The first analysis of how synaptic proteins change during early development reveals differences between mice and marmosets, as well as what is different in individuals with autism spectrum disorders. The research conducted by Kobe University sheds light on the mechanism behind synaptic development, offering insights that could potentially lead to treatments for neuropsychological disorders. Despite the critical role synapses play in brain function, very little is known about how they change as the brain matures, posing a challenge for developing cures for disorders such as autism spectrum disorder.
By utilizing advancements in the analysis of complex protein assemblies and the availability of marmosets as non-human primate model organisms, Kobe University neuroscientist TAKUMI Toru was able to explore this knowledge gap. The research team focused on studying the postsynaptic density, a protein agglomeration found on the signal-receiving side of synapses, as previous studies have highlighted its importance in the development of synaptic structures. Their findings, published in Nature Communications, provide a detailed look at the changes in synaptic proteins during brain development in the early stages of life, shedding light on the timing of gene regulation differences between mice and marmosets.
The study identified a group of proteins that are produced more and others that are produced less as brain development progresses, with changes in gene regulation playing a crucial role. Interestingly, the timing of these protein changes differed between mice and marmosets, suggesting evolutionary differences between rodent and primate brains. Marmosets also exhibited a second phase of protein changes that were not observed in mice, highlighting the complexity of synaptic development across different species.

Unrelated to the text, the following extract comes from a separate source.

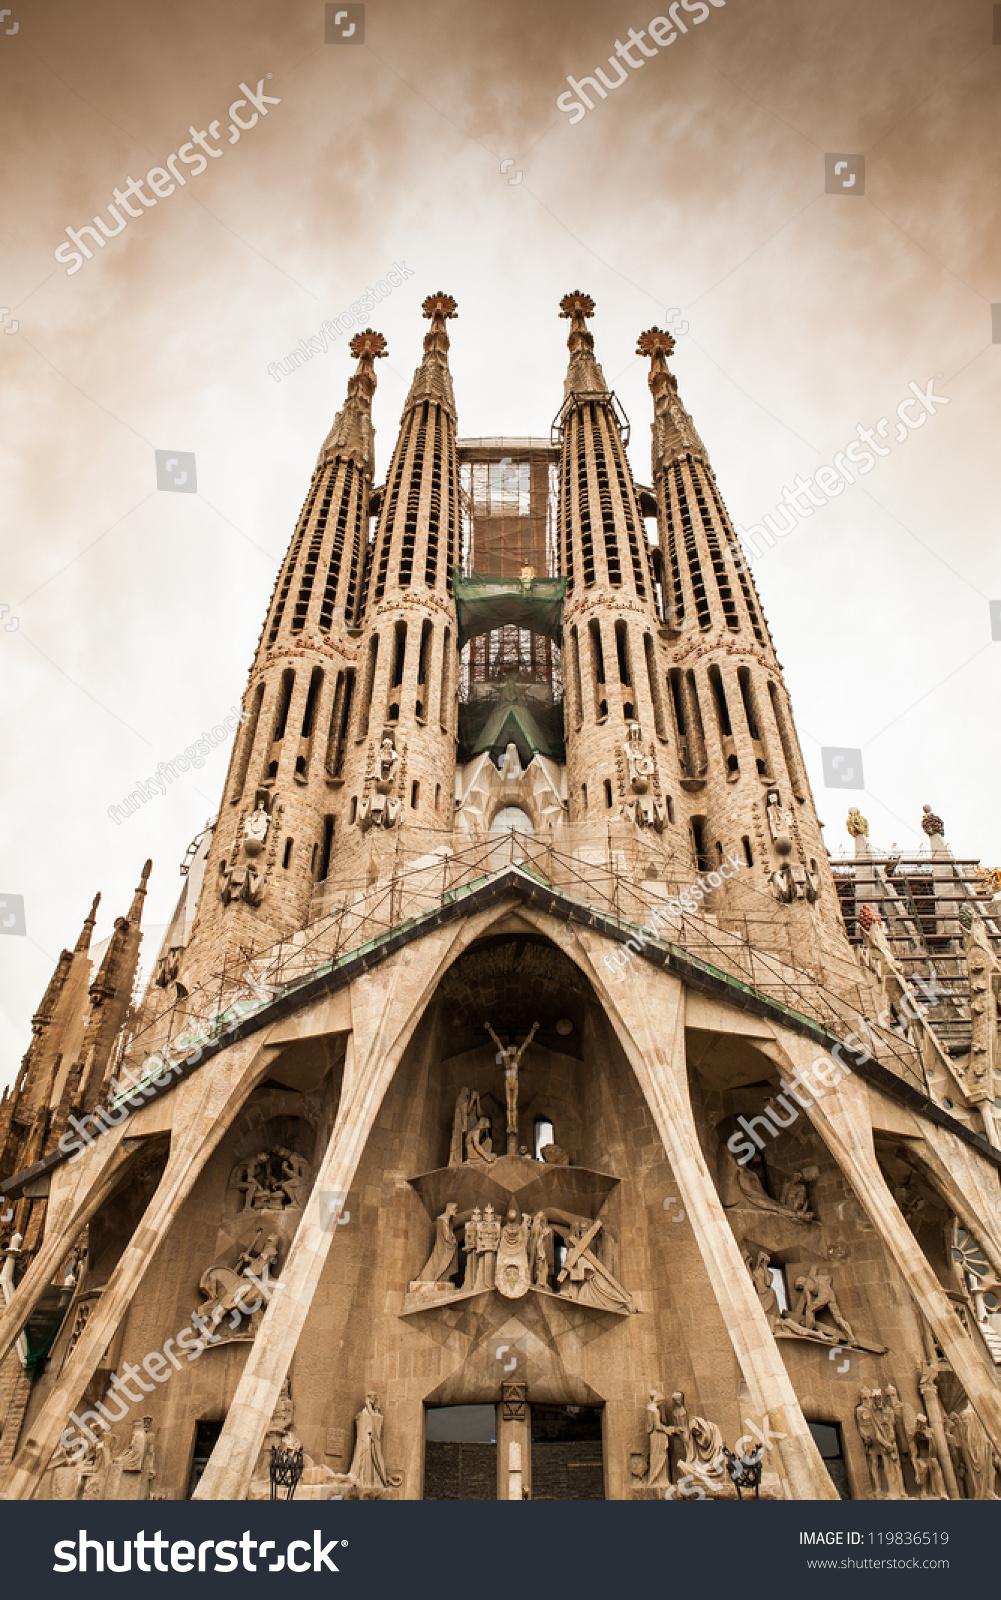 Frontal view this architecture masterpiece la stock photo for Antoni gaudi sagrada familia architecture

The researchers were able to construct hypotheses on the molecular mechanisms underlying the emergence of autism spectrum disorder based on their findings, offering potential insights for future treatment development.

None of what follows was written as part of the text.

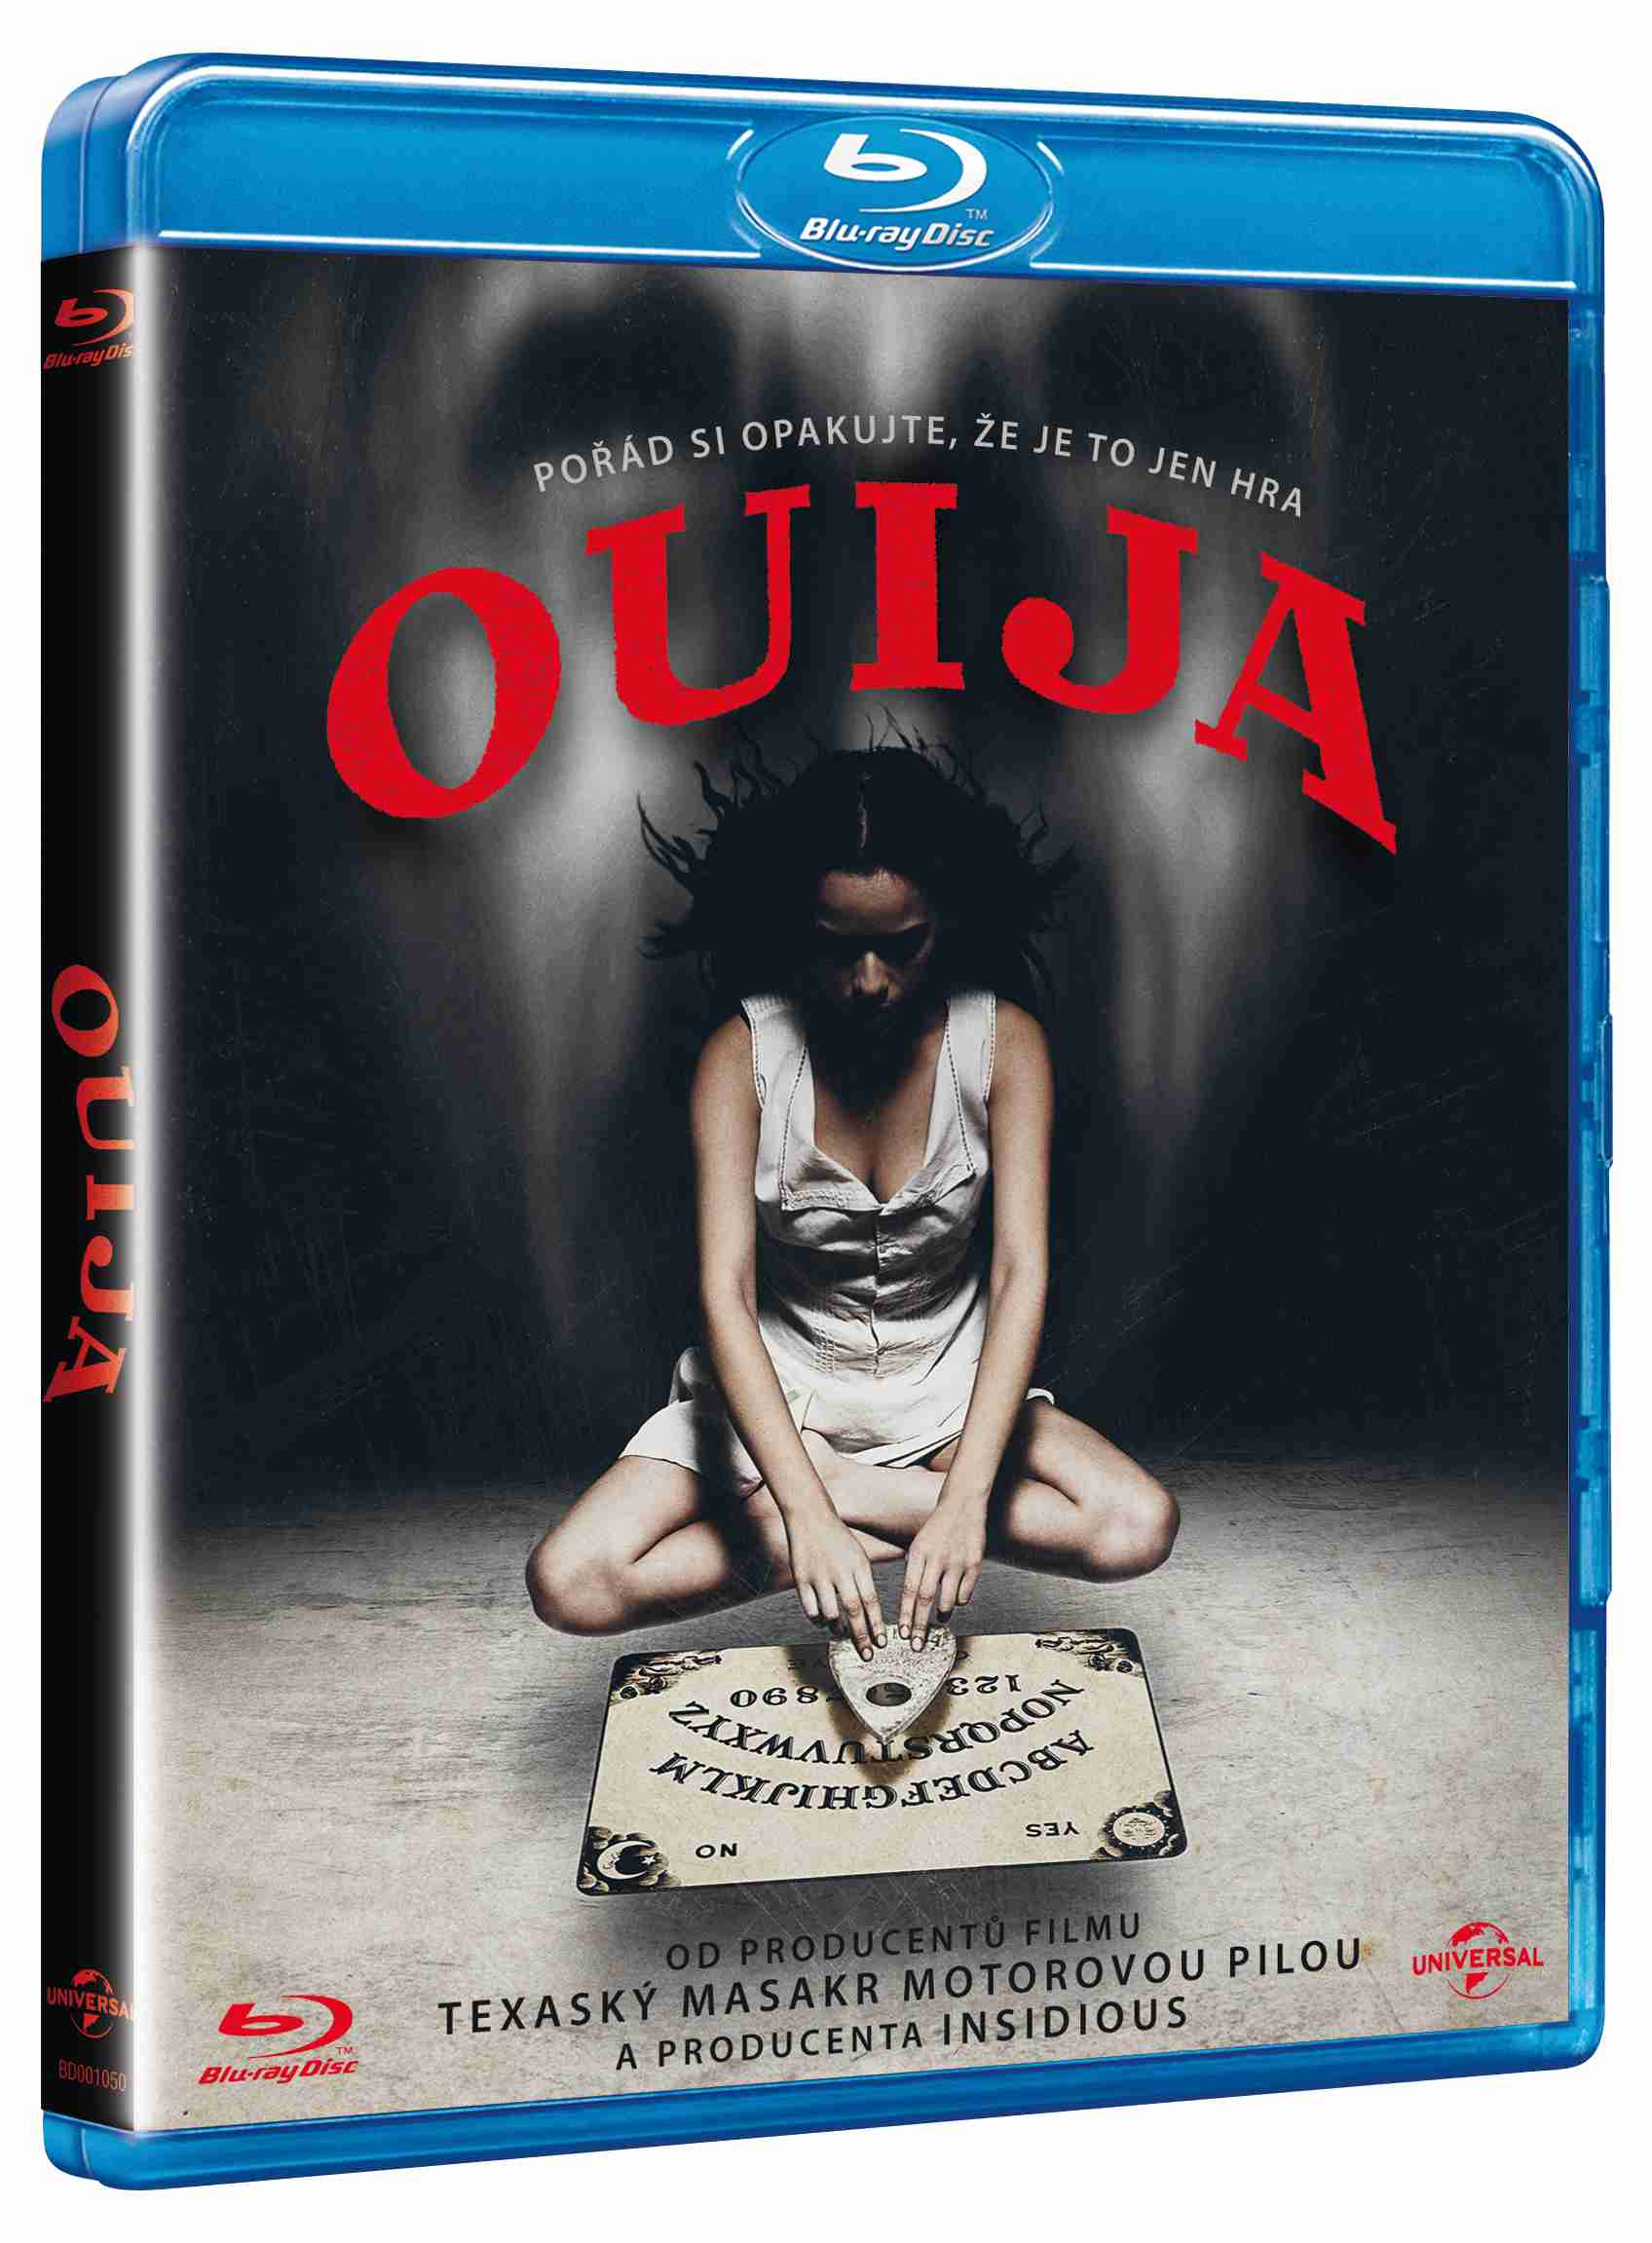 OUIJA - Blu-ray

TAKUMI Toru emphasizes the importance of understanding synapse development in the context of brain maturation and its connection to neuropsychiatric disorders such as autism spectrum disorders and schizophrenia. The proteome datasets generated from this study are valuable for investigating the molecular mechanisms of synapse development and identifying differences between rodents and primates. The researchers’ ability to link their findings to autism spectrum disorder and propose potential treatments underscores the significance of studying synaptic proteins in the context of brain development and neuropsychological disorders.
The research was funded by various organizations, including the Japan Society for the Promotion of Science, the Japan Agency for Medical Research and Development, the Japan Science and Technology Agency, the National Center of Neurology and Psychiatry, the Takeda Science Foundation, and the Taiju Life Social Welfare Foundation. Collaborating with researchers from institutions such as the RIKEN Center for Brain Science and the Max Planck Institute for Experimental Medicine, the study represents a collaborative effort to advance our understanding of synaptic protein changes during brain development and their implications for neuropsychiatric disorders. By uncovering differences in synaptic protein dynamics between mice and marmosets, the research contributes to our knowledge of how synapses evolve across different species and offers potential avenues for developing treatments for neurodevelopmental disorders.